Your patent application will be published by the Patents Office in its own official journal. This will happen 18 months after the date that you first filed a provisional application. Your application is now open to public inspection. Anybody can go to any Patent Office in any capital city and either examine a copy of your specifications or even buy a copy. Your specifications will also be sent to certain libraries and to overseas patent offices.

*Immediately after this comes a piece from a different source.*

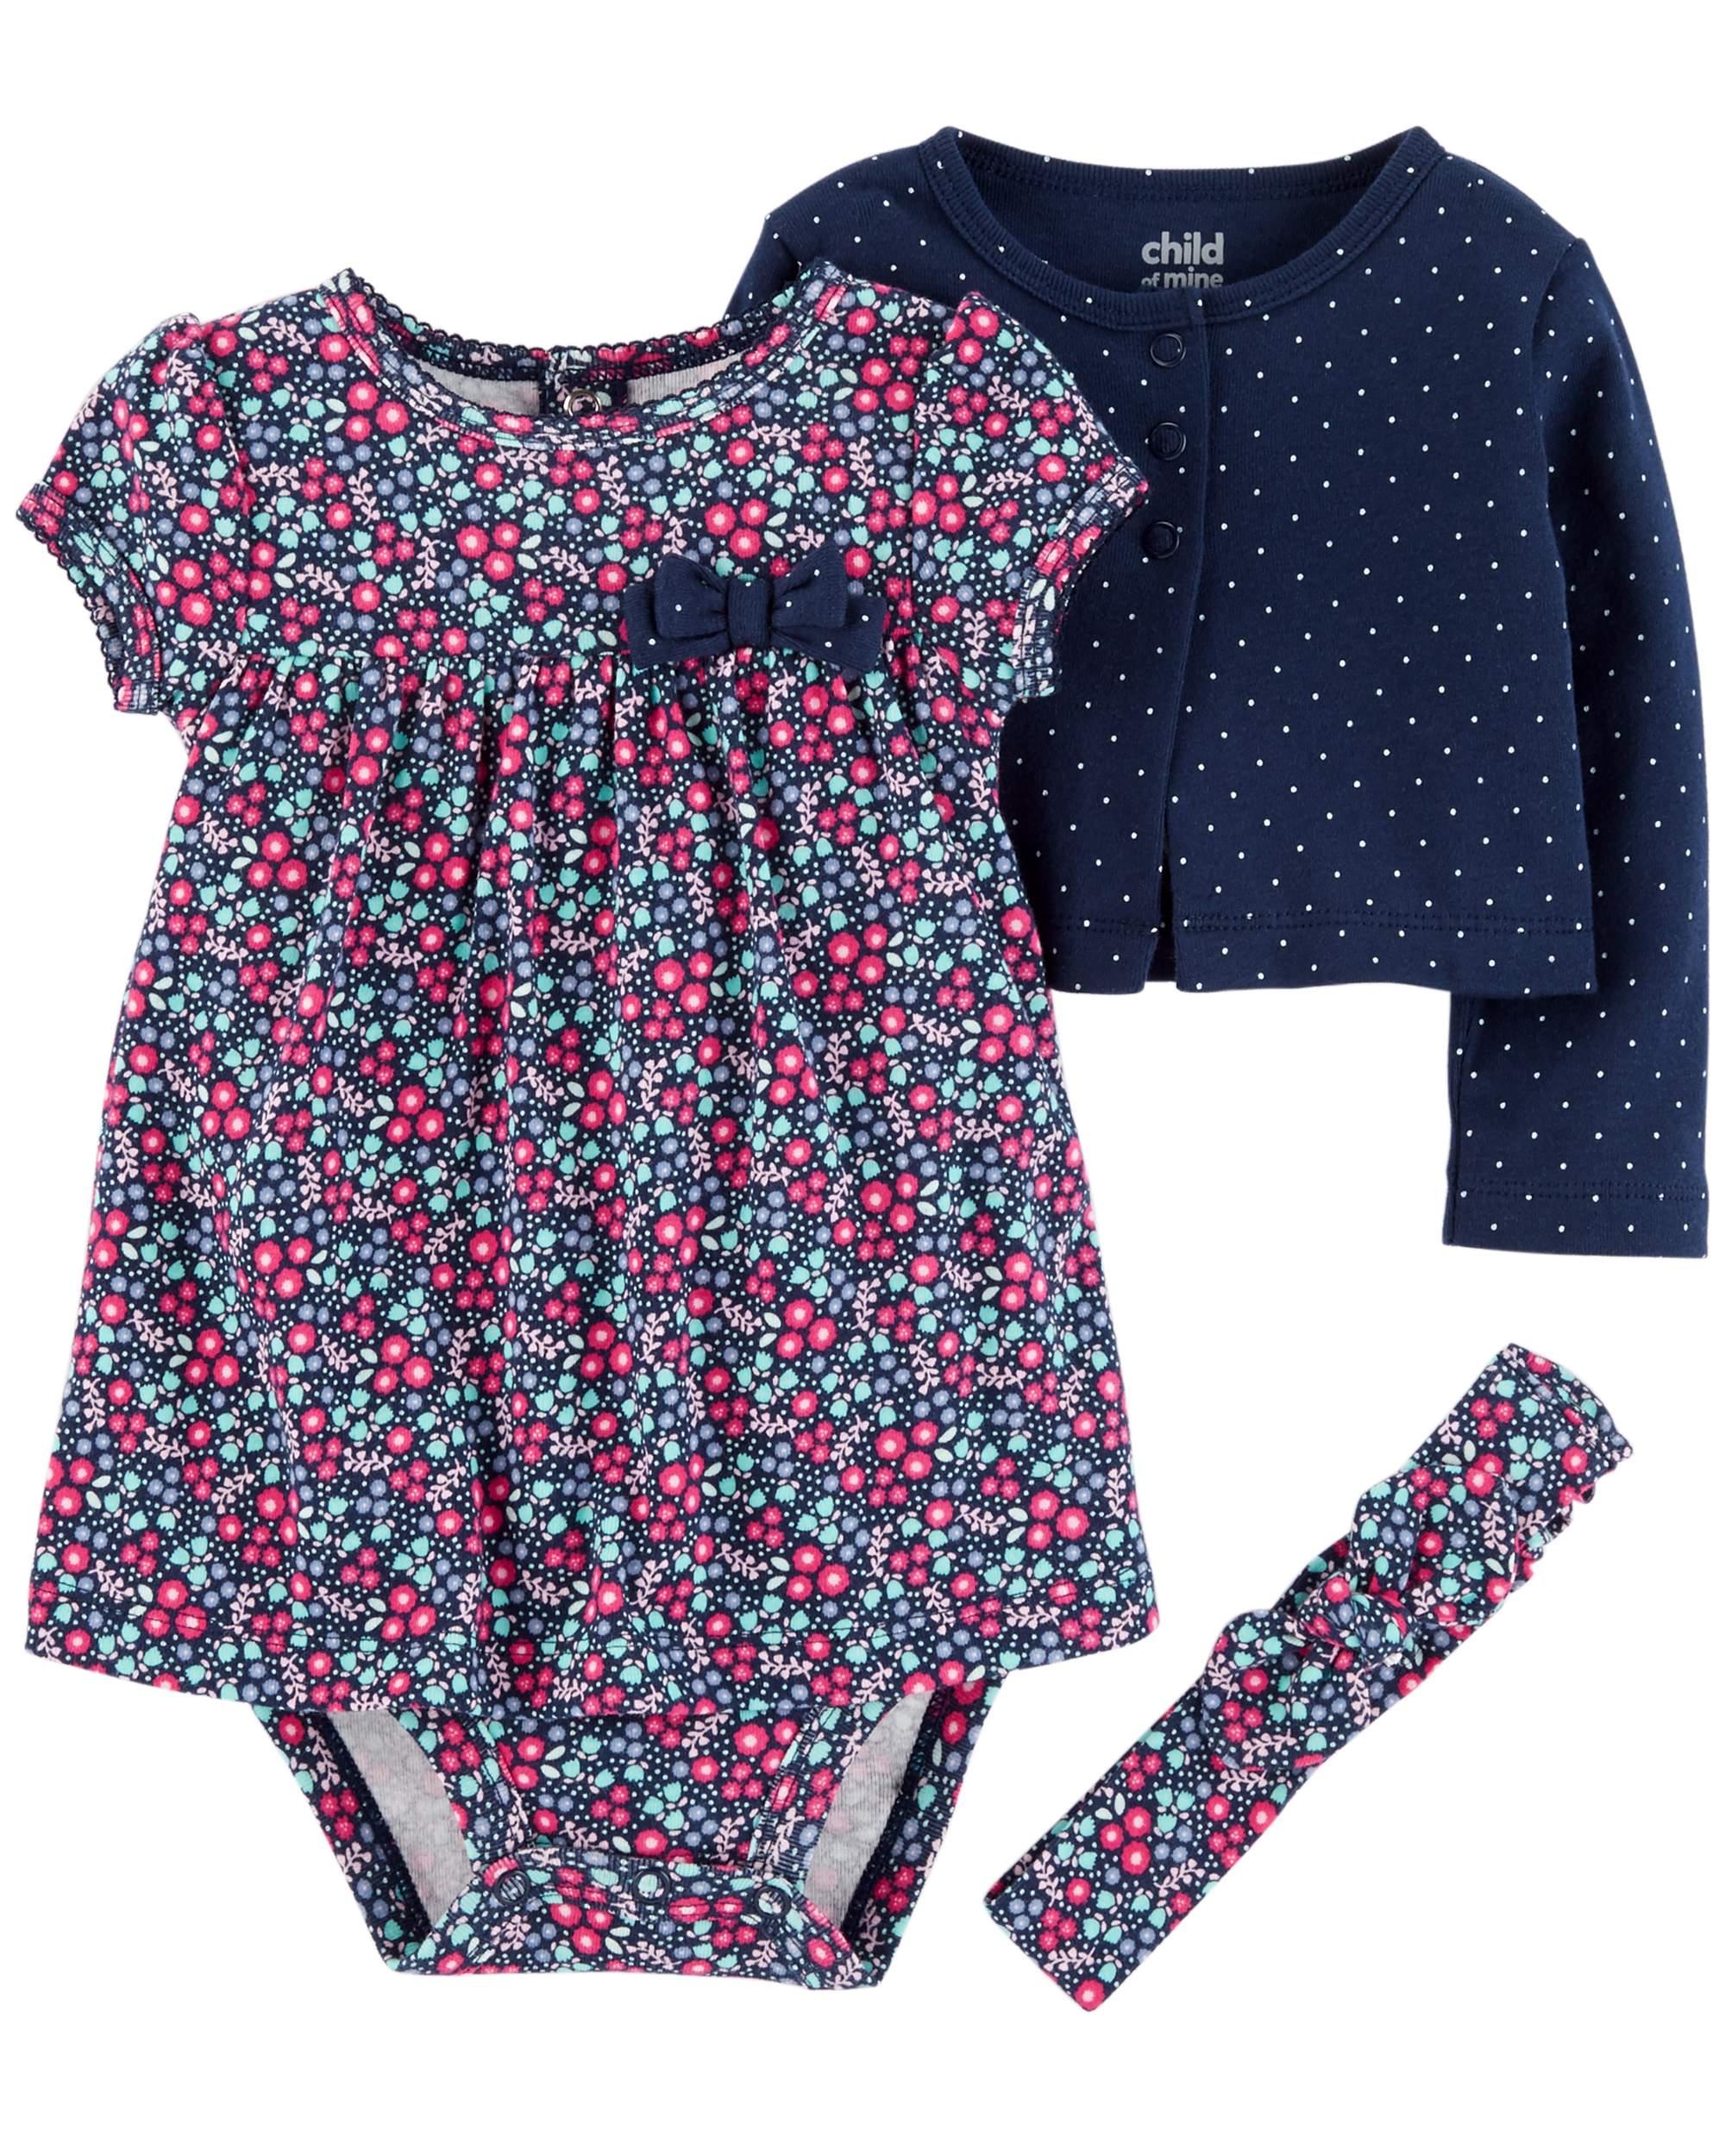 Long Sleeve Cardigan, Dress & Headband, 3pc Outfit Set (Baby Girls)
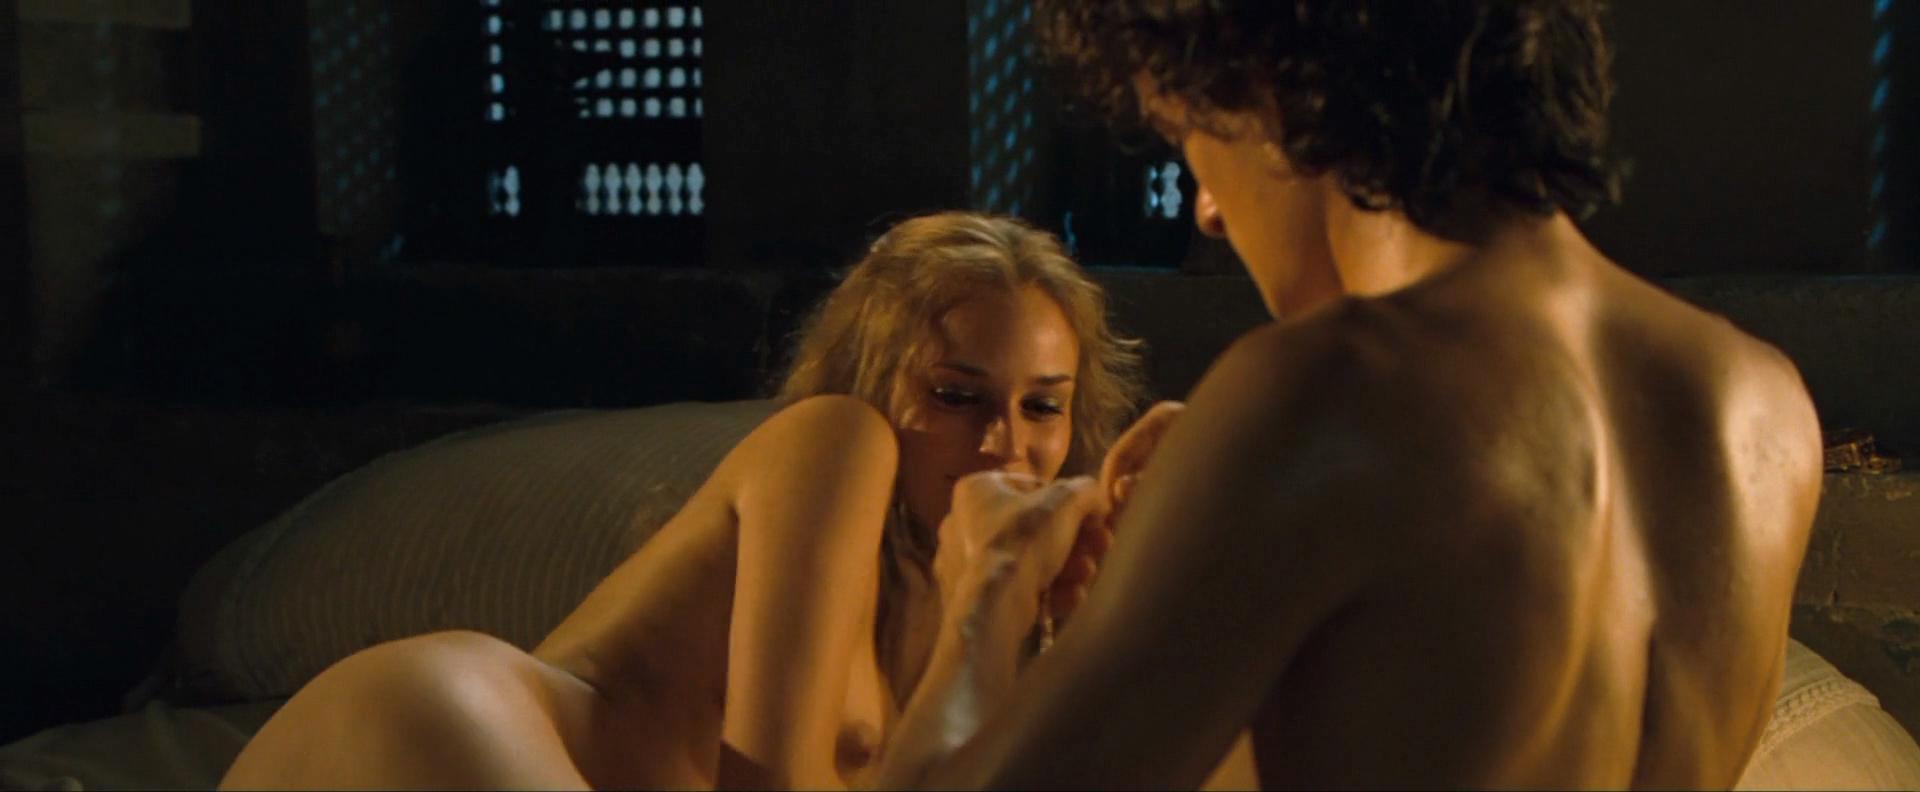 Diane Kruger culonas

However, publication does not mean that your patent has been accepted by the Patents Office. Your patent must still be examined by the Patents Office. You may request this at any time up to five years after filing your complete application. You must pay a fee to have the examination carried out. In any case, if you do not ask for examination of your application, the Patents Office will eventually direct you to ask for examination. At this stage, you will have to inform the Patents Office of the results of any searches that you have carried out at overseas Patents Offices. The examination of the Patents Office will include investigating the following: 1) Is the person entitled to the patent? 2) Is the description of the invention sufficiently clear and complete? 3) Is the invention claimed a manner of manufacture? 4) Are the claims made supported by the description? 5) Do the claims cover no more than one invention? 6) Do the claims define a new invention? 7) Do the claims define an invention which is not obvious? 8) Are the claims clear and free of any ambiguity? You will usually find that you will have to amend your specification to overcome objections raised by the examiner.

Once you have met the requirements of the examiner, the application is accepted by the Patents Office. This acceptance is advertised in the Patents Office official journal.

Then, for a period of three months, any interested party can oppose the granting of a patent to you. He will do this by filing evidence with the Patents Office tending to show that you are not entitled to a patent. There is then a hearing before the Commissioner of Patents and the matter is decided by him.

If nobody opposes your application, or if somebody does and the matter is decided in your favour, you pay a sealing fee and the patent is granted. You are sent a certificate. However, for the remainder of the 20 years, you must pay renewal fees. Your patent will lapse if these are not paid.

There are some differences if you apply for a Petty patent instead of a Standard patent. The differences are as follows. In a Petty patent specification, you can have only one independent claim and up to two dependant claims. You do not have to formally apply for examination. Your Petty patent application is automatically examined within a few weeks of filing it. The search for prior publication is confined to documents published in Australia and not world-wide. When the Commissioner of Patents is satisfied with your application, a patent is granted. It is initially for one year but can be renewed for a further five years. When your Petty patent has been granted, details will be published in the official journal. If your Petty patent application is rejected, details will never be published.


If you are thinking of applying for a patent, you must not publicly disclose your invention before you have filed your application. If you do disclose information, for example, by word of mouth, the demonstration of a model, the sale of the product, an advertisement, an article in a journal, appearing on a TV show like "The Inventors", then this could prevent you from getting a valid patent. It could also be grounds for having the patent revoked if one has already been granted. You cannot sue for infringement of a patent until the patent has been granted and sealed. You can then sue for any infringement that occurred since the patent was laid open to public inspection. Consequently, if you had told somebody of your invention and he had used your invention prior to public inspection of your application, you might not be able to sue him for this period of use. However, you may safely disclose your invention in confidence to a professional advisor such as a patent attorney.

Once you have obtained a patent, you can exploit it by 1) engaging in manufacture yourself or 2) "leasing" the patent and obtaining royalties for its use or 3) selling the patent outright to someone else.